RAW DATA.
▼

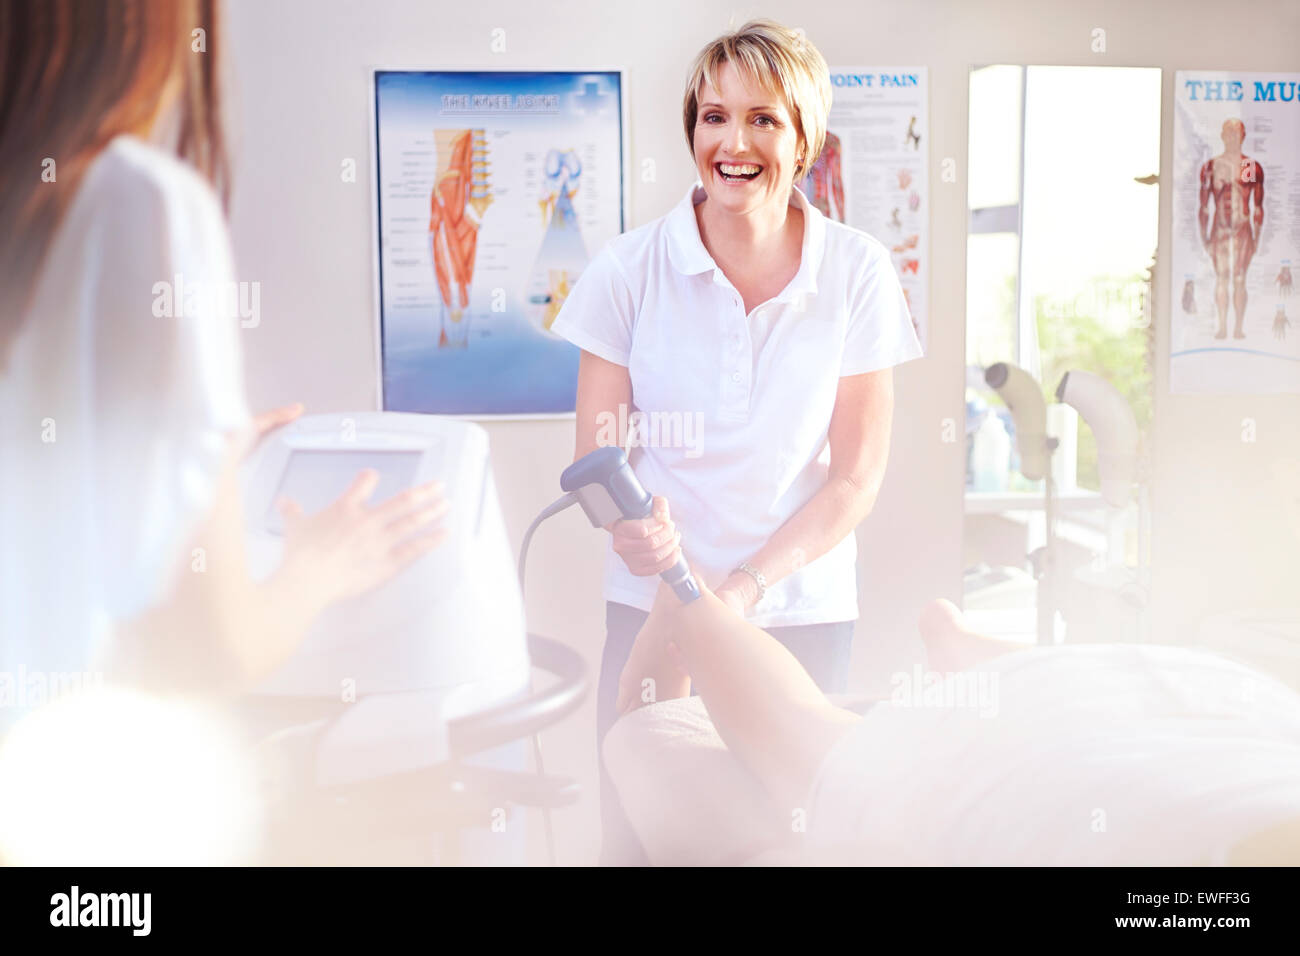 Lächelnd Physiotherapeut mit Ultraschallsonde am Bein des Patienten Stockfoto
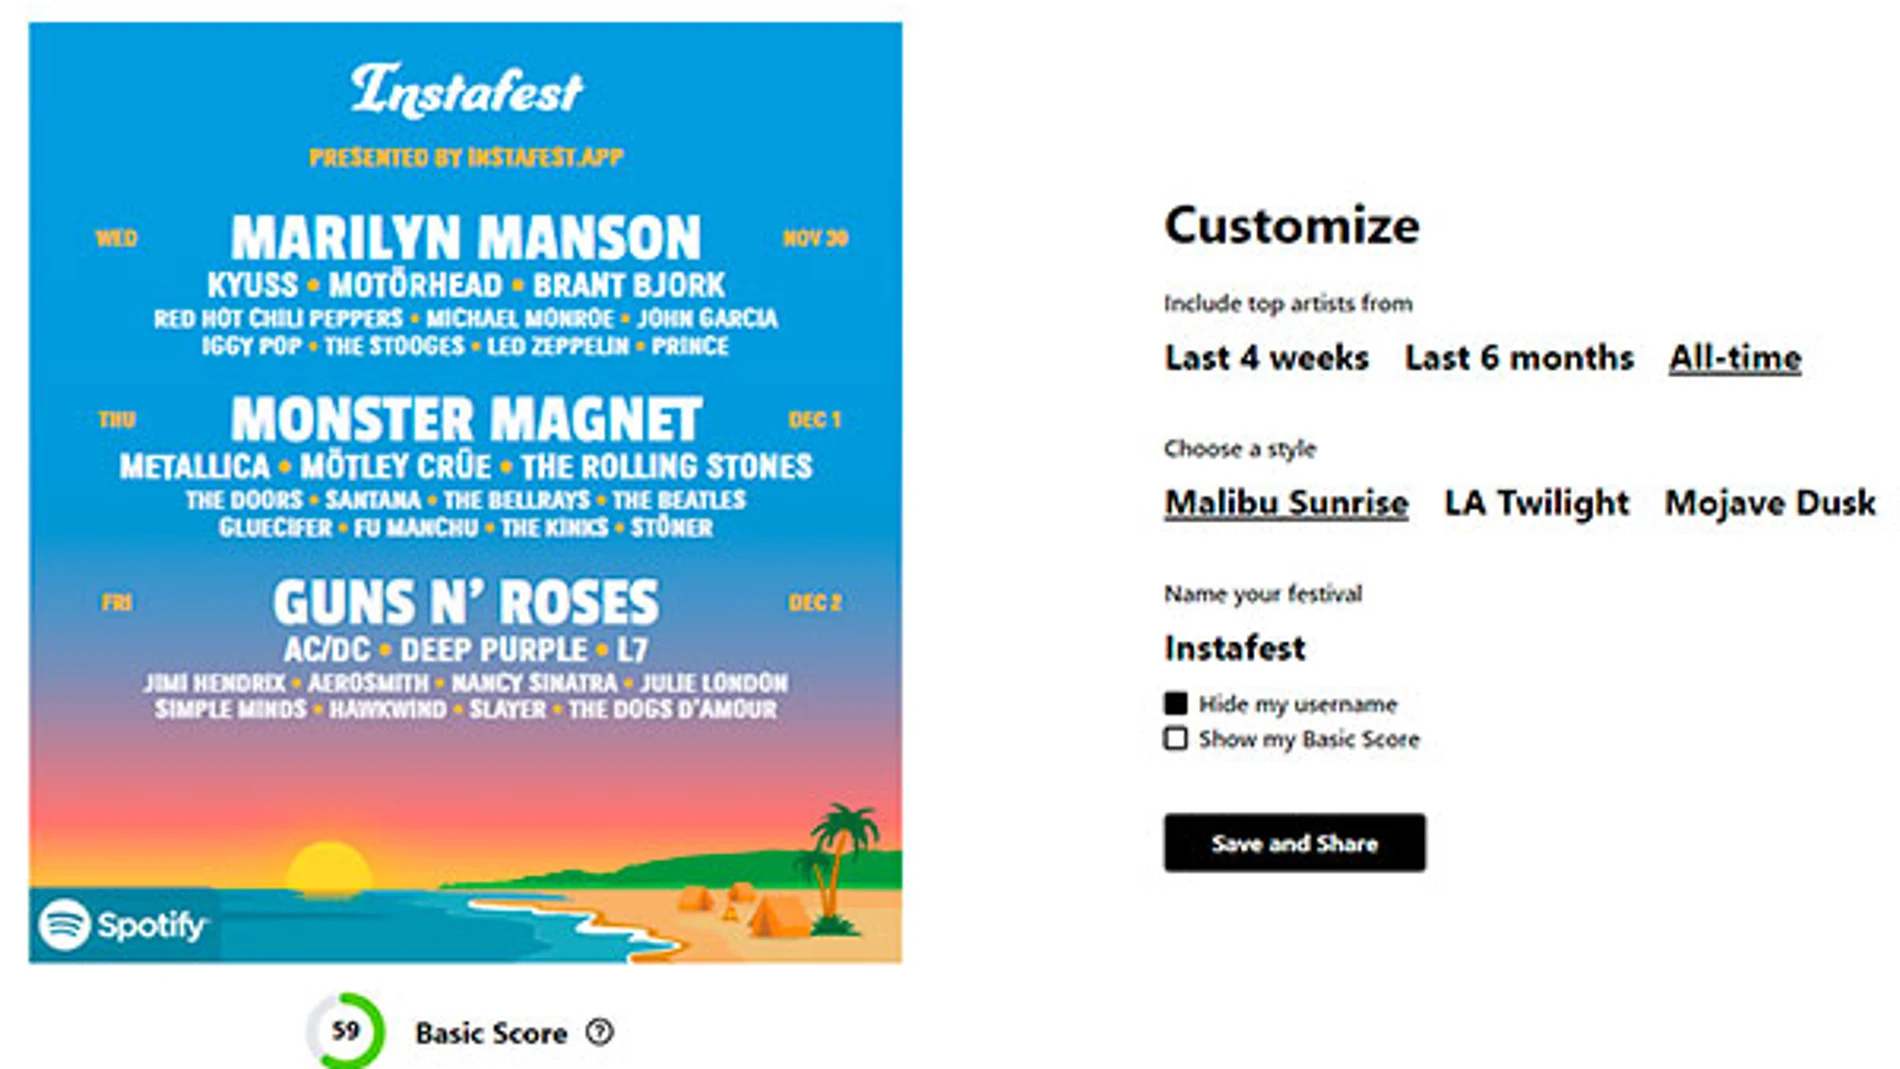 Opciones de personalización del cartel en la web de Instafest.
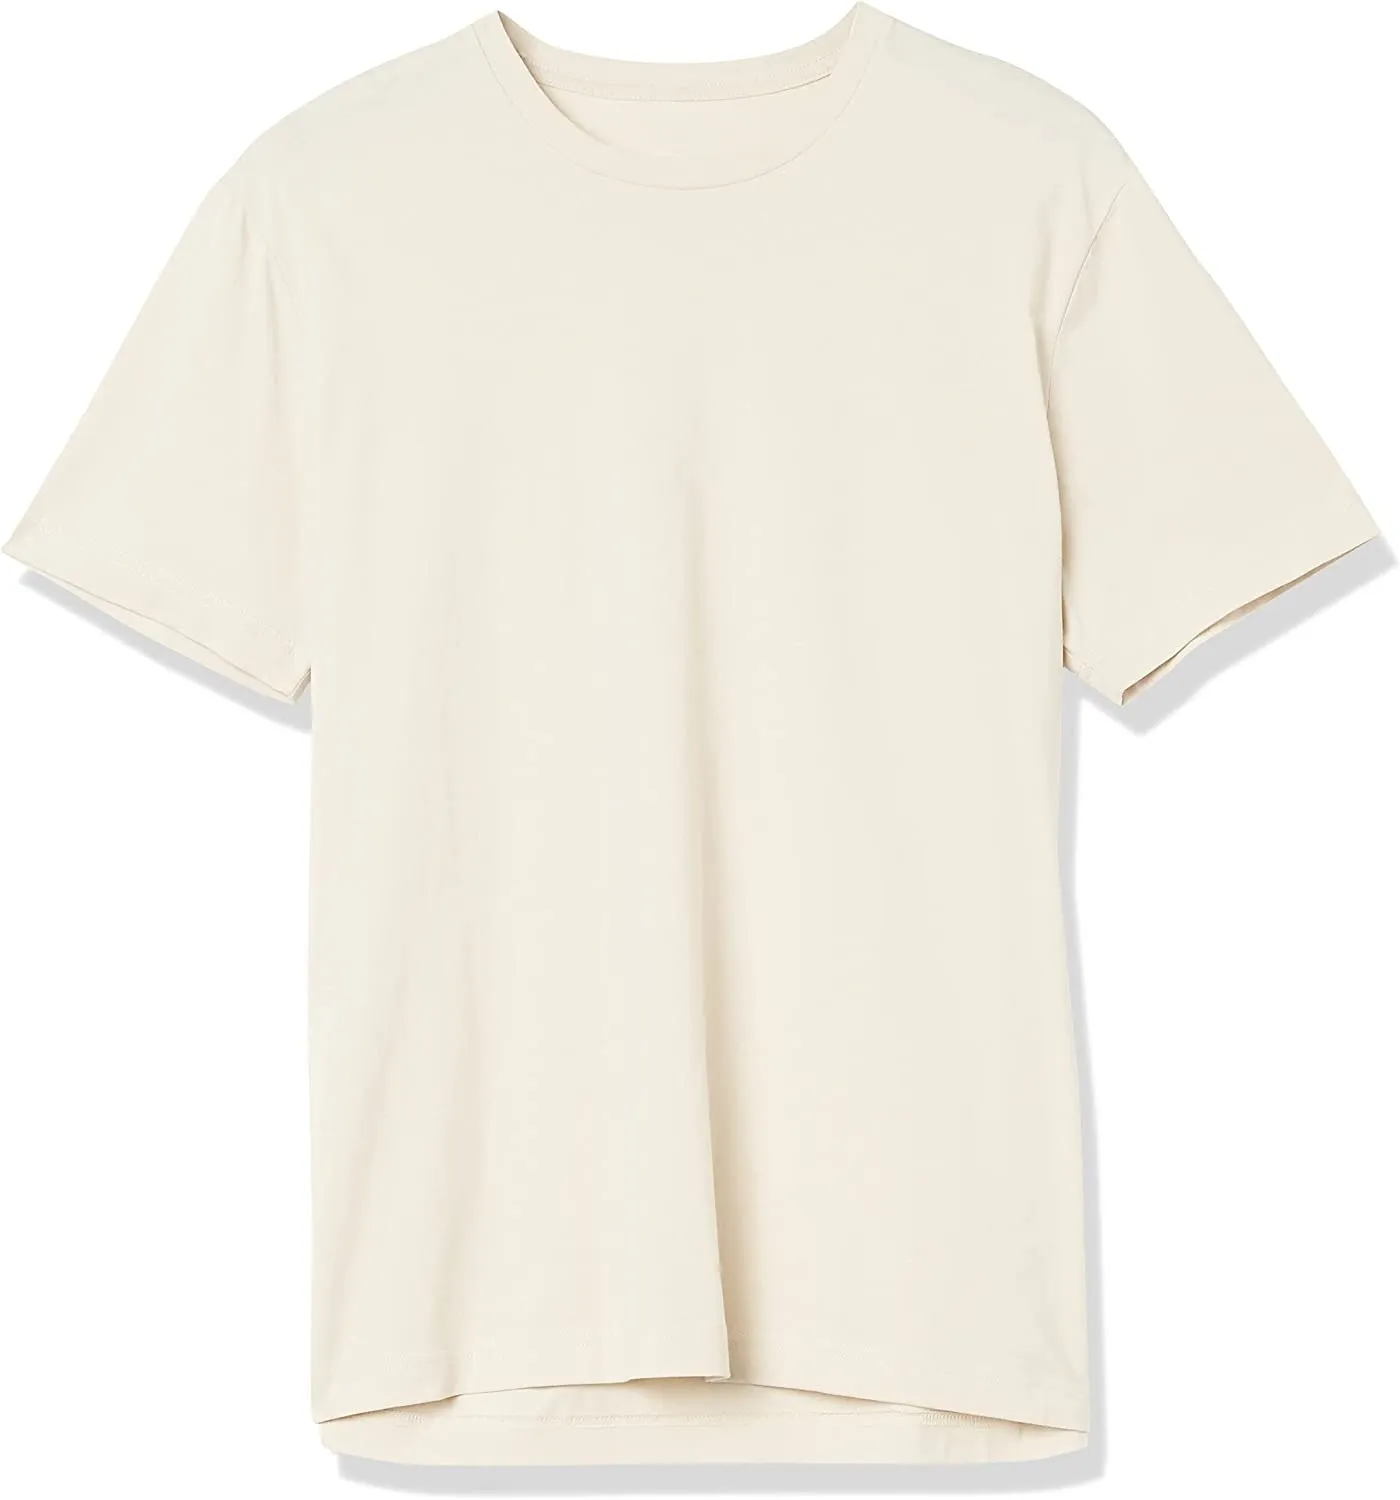 Ropa de moda 100% algodón camisa de hombre Polo bordado poliéster de alta calidad hombres cantidad OEM personalizado ODM logo camisetas
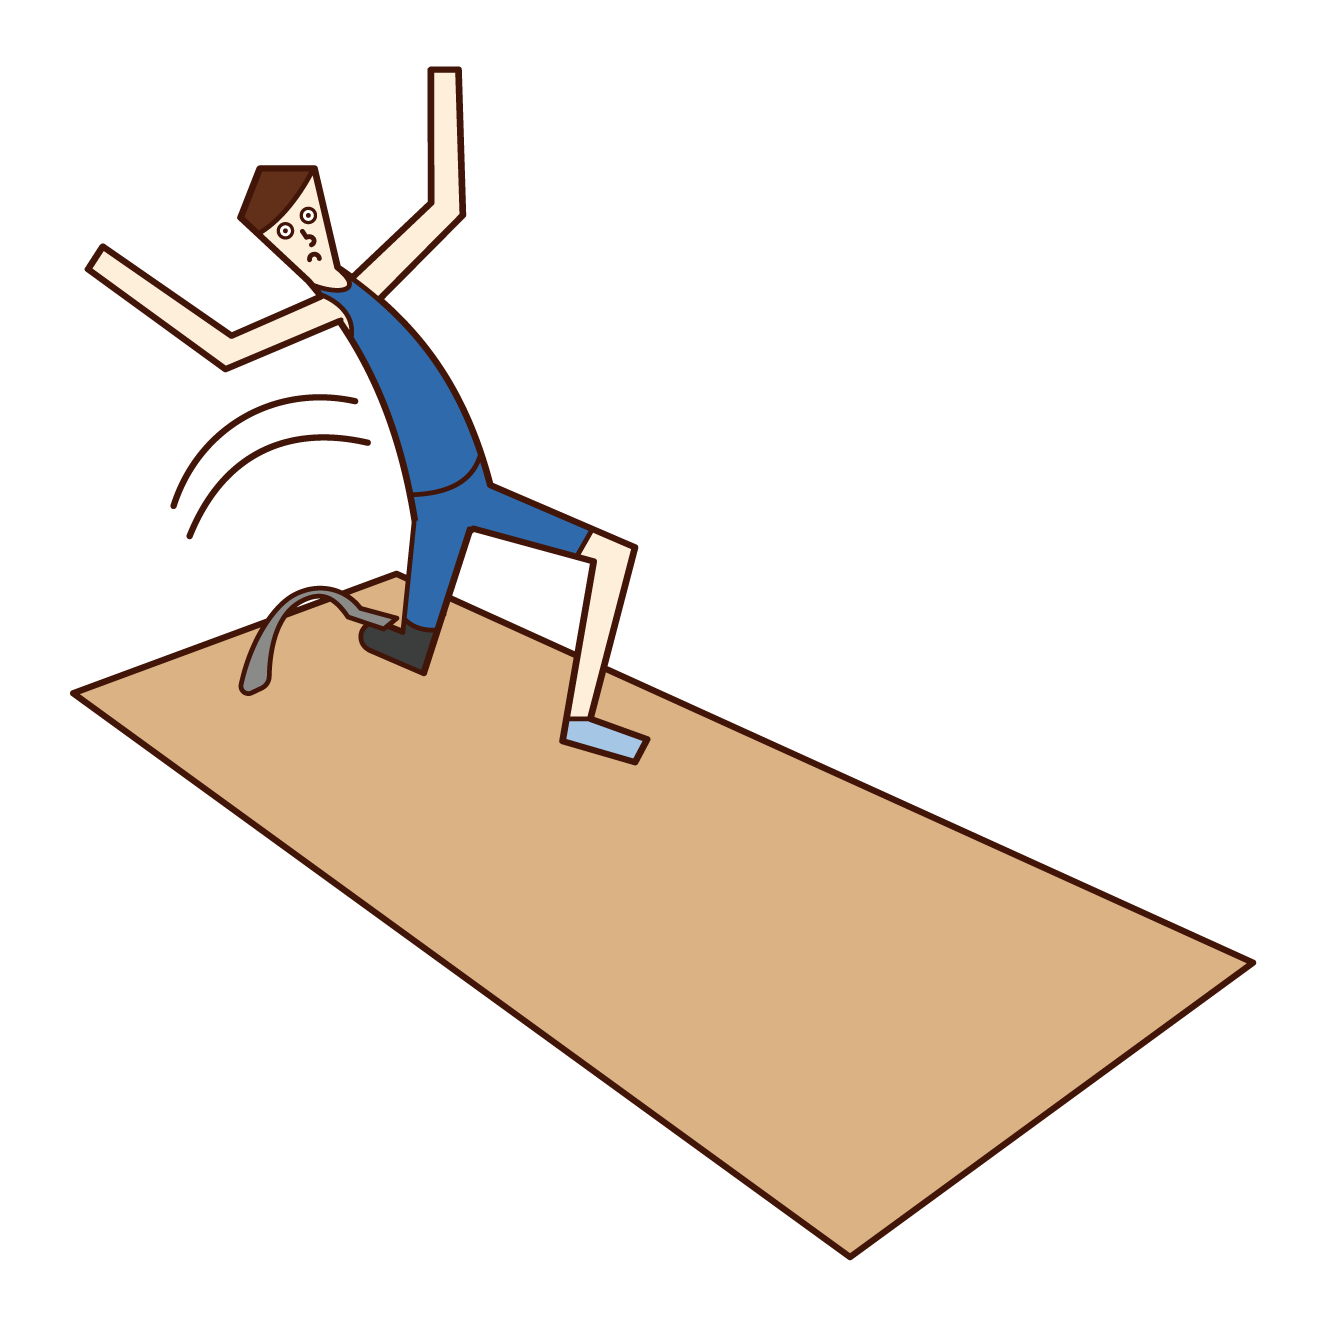 義足を付けた走り幅跳びの選手 男性 のイラスト フリーイラスト素材 Kukukeke ククケケ

▲

Once the line with "Ropa de moda" is found, write out that line and every later line of the listing above exactly, through the last one, and skip any pictures.

 Ropa de moda 100% algodón camisa de hombre Polo bordado poliéster de alta calidad hombres cantidad OEM personalizado ODM logo camisetas
 義足を付けた走り幅跳びの選手 男性 のイラスト フリーイラスト素材 Kukukeke ククケケ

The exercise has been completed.